A Practical Alphabet for Writers: F is for Focused Free Writing

Effort need not only be the rigors of hard focus. Creative effort involves play, exploration and invention. Free writing is a magical way to bypass the controlling, fearful part of most of us that arises in the face of imaginative practice. To free write, get some paper and a pen. (It is definitely possible to free write on a computer if you can type fast enough. Experiment with both, and note the effects, if any, of each technology on your style.) Pick a starter phrase–a line from a book of poems or a newspaper. (These used to be handy when I started freewriting. Less so now, except online.) Natalie Goldberg, the guru of free writing as a practice, lists rules. The ones I remember off the top of my head are: 1. Keep your hand moving. 2. Don’t think. 3. Be specific. Just put whatever arises on paper. It’s a bit like meditating except instead of watching your thoughts, you record them without attaching to them.

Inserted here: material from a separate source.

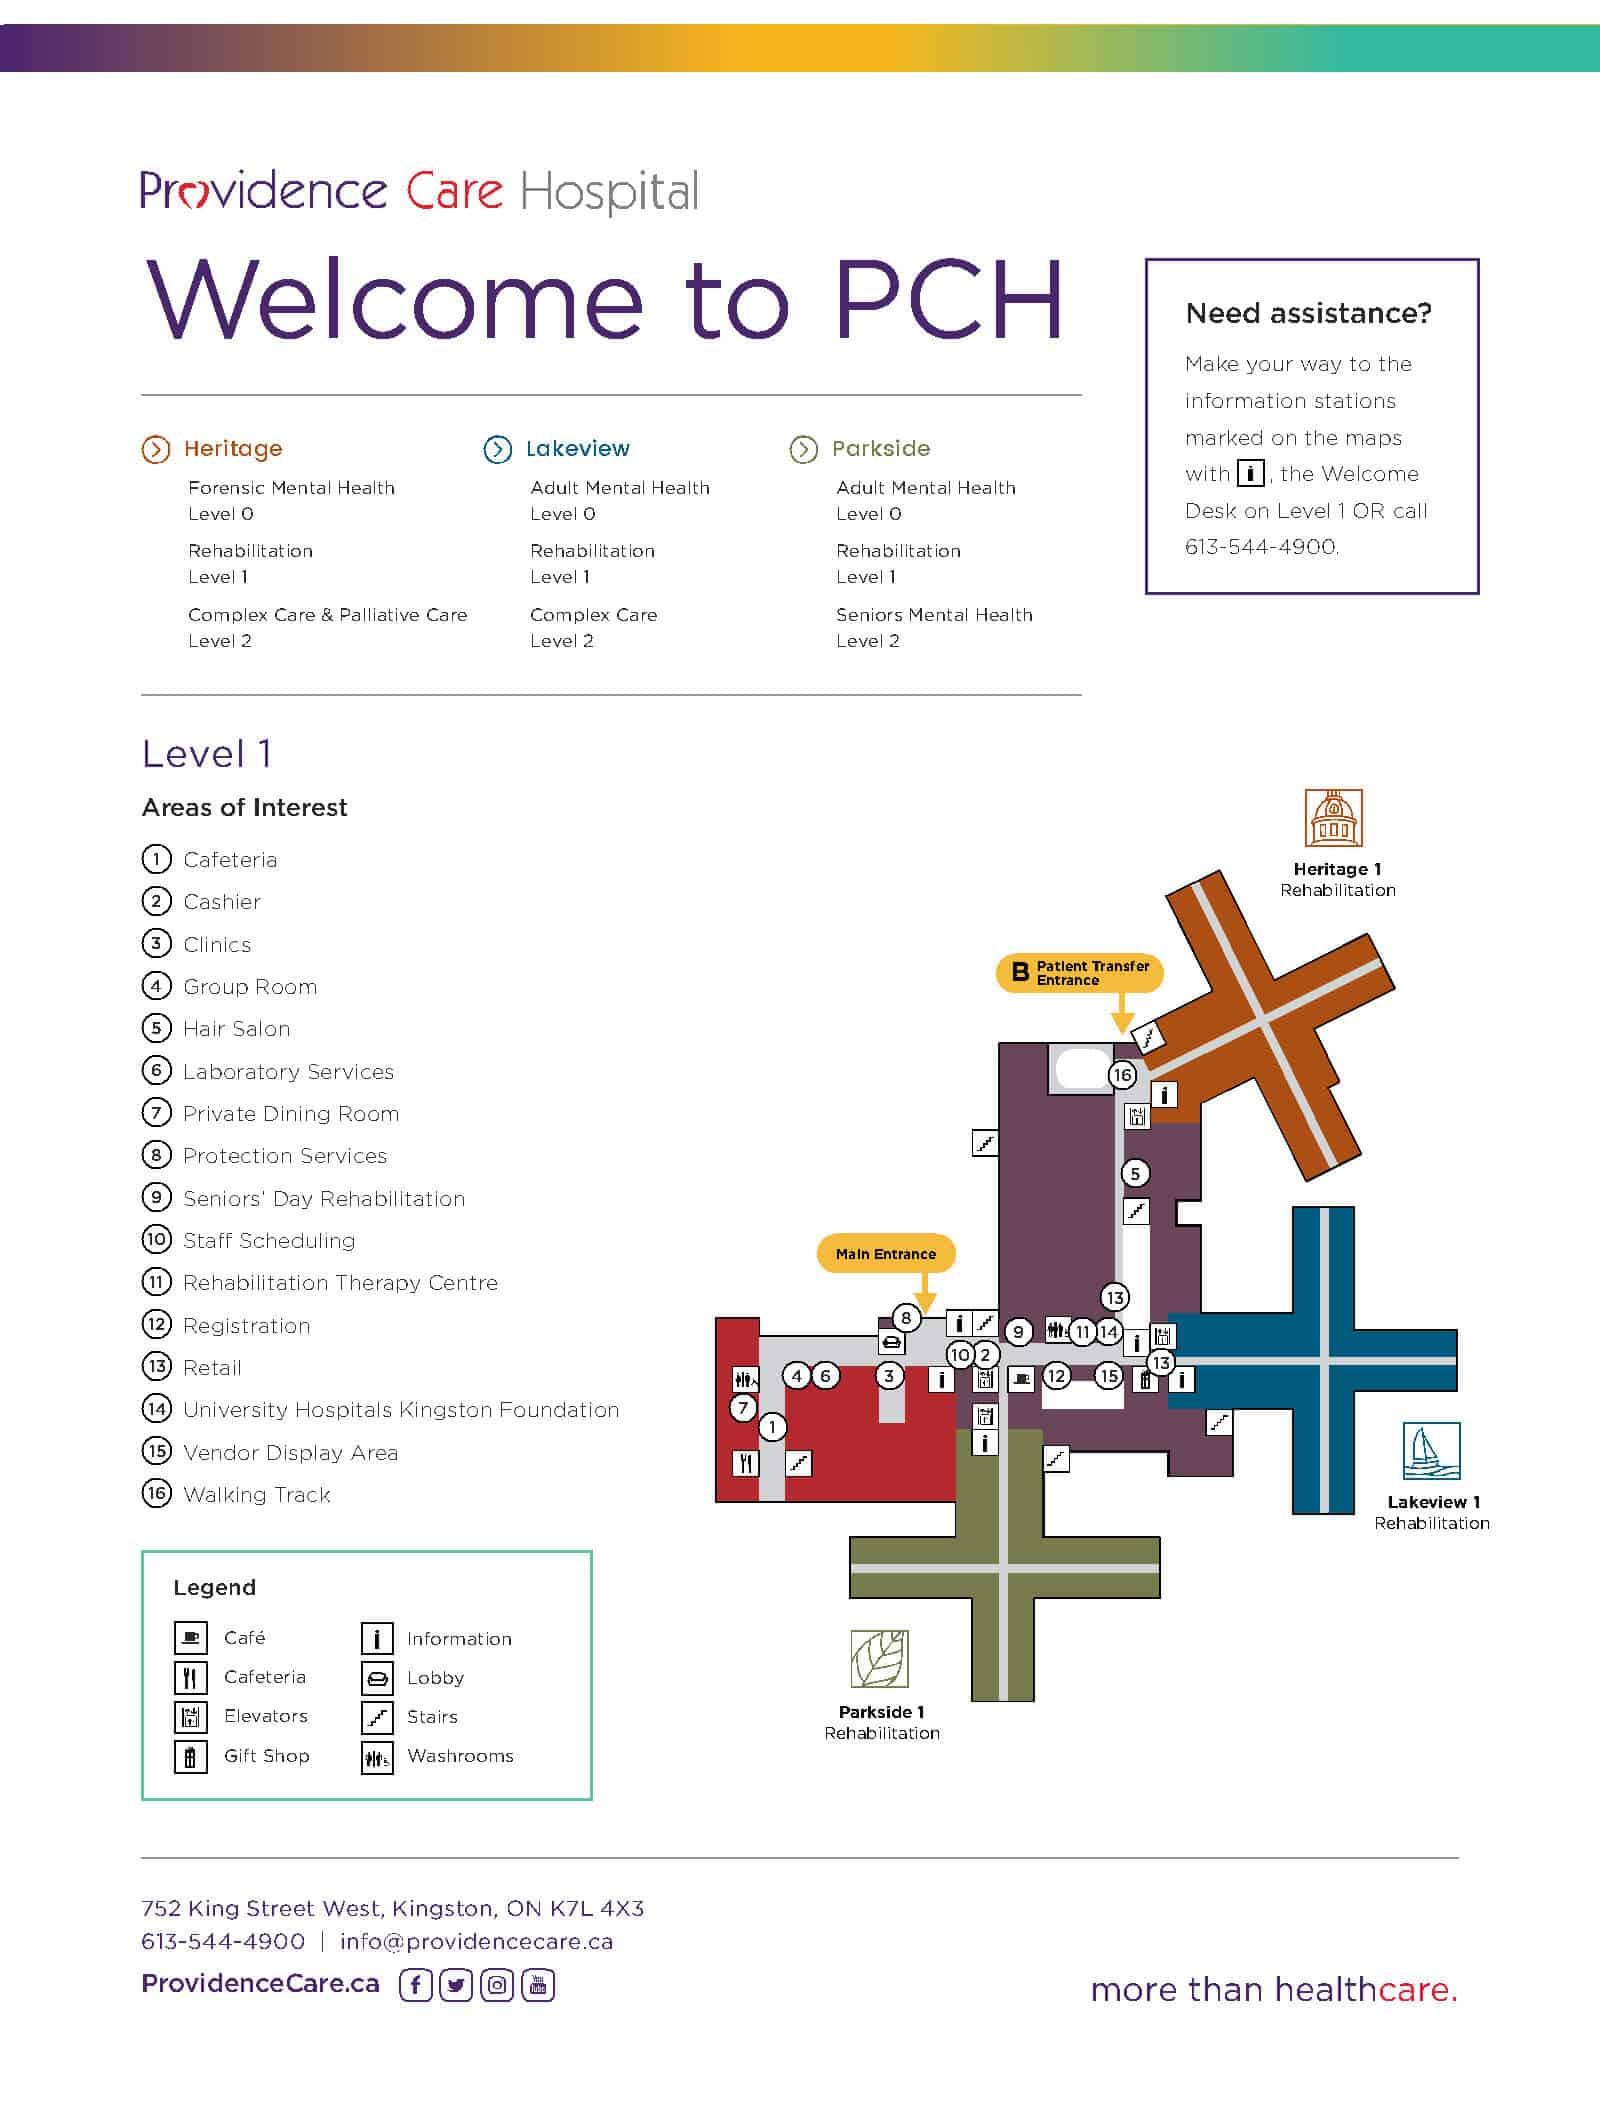 Hospital Maps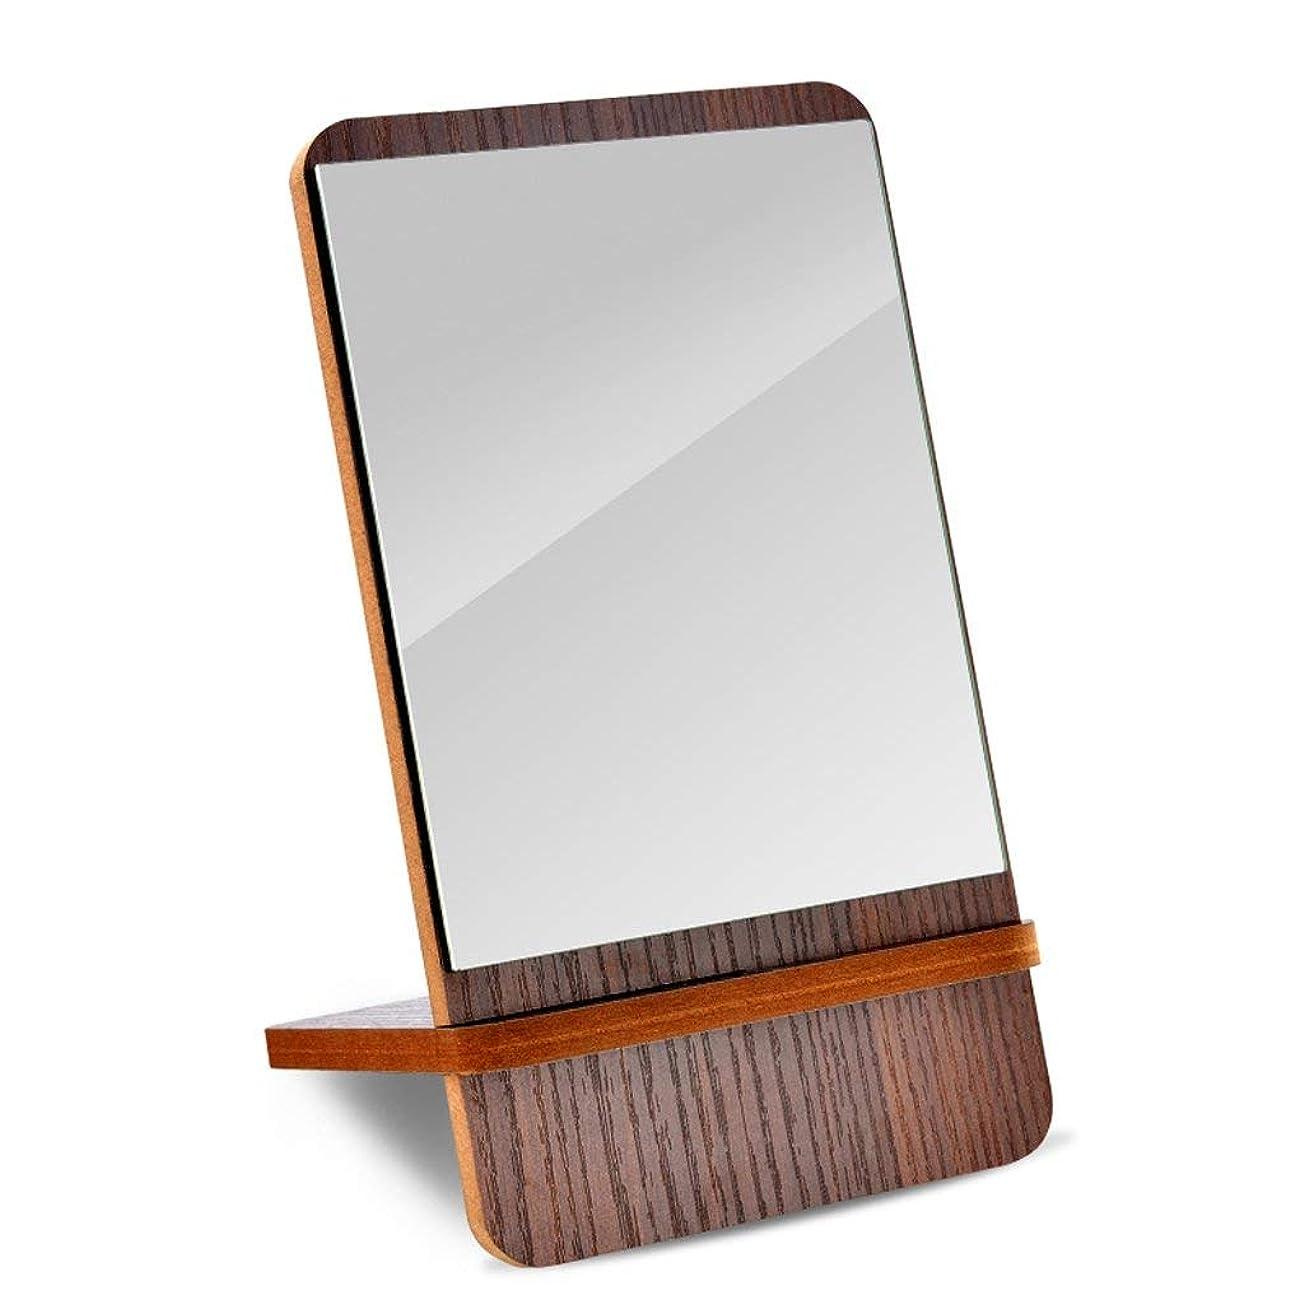 支配するデンマーク語キャンバス化粧鏡木製スクエアデスクトップシングルサイドHDシンプルバニティミラーリムーバブルポータブルトラベルシェービングミラー(サイズ:15 * 26.5cm)

It’s a tremendous, freeing, generative tool. It can help you tap into playing with language, taking risks with image, jotting down bold truths from which you might otherwise shy away. Like exercise, it will keep you in shape for any sort of writing you need to do, and it can be enlisted for writing drafts of your scenes for your project. That’s called focused free writing: pick a scene and free write that scene or pick a character and free write a dialog with that character. Stay loose, keep your hand moving, and circle your area of focus. Don’t think you have to get stuck in your worries. Take aim, and write.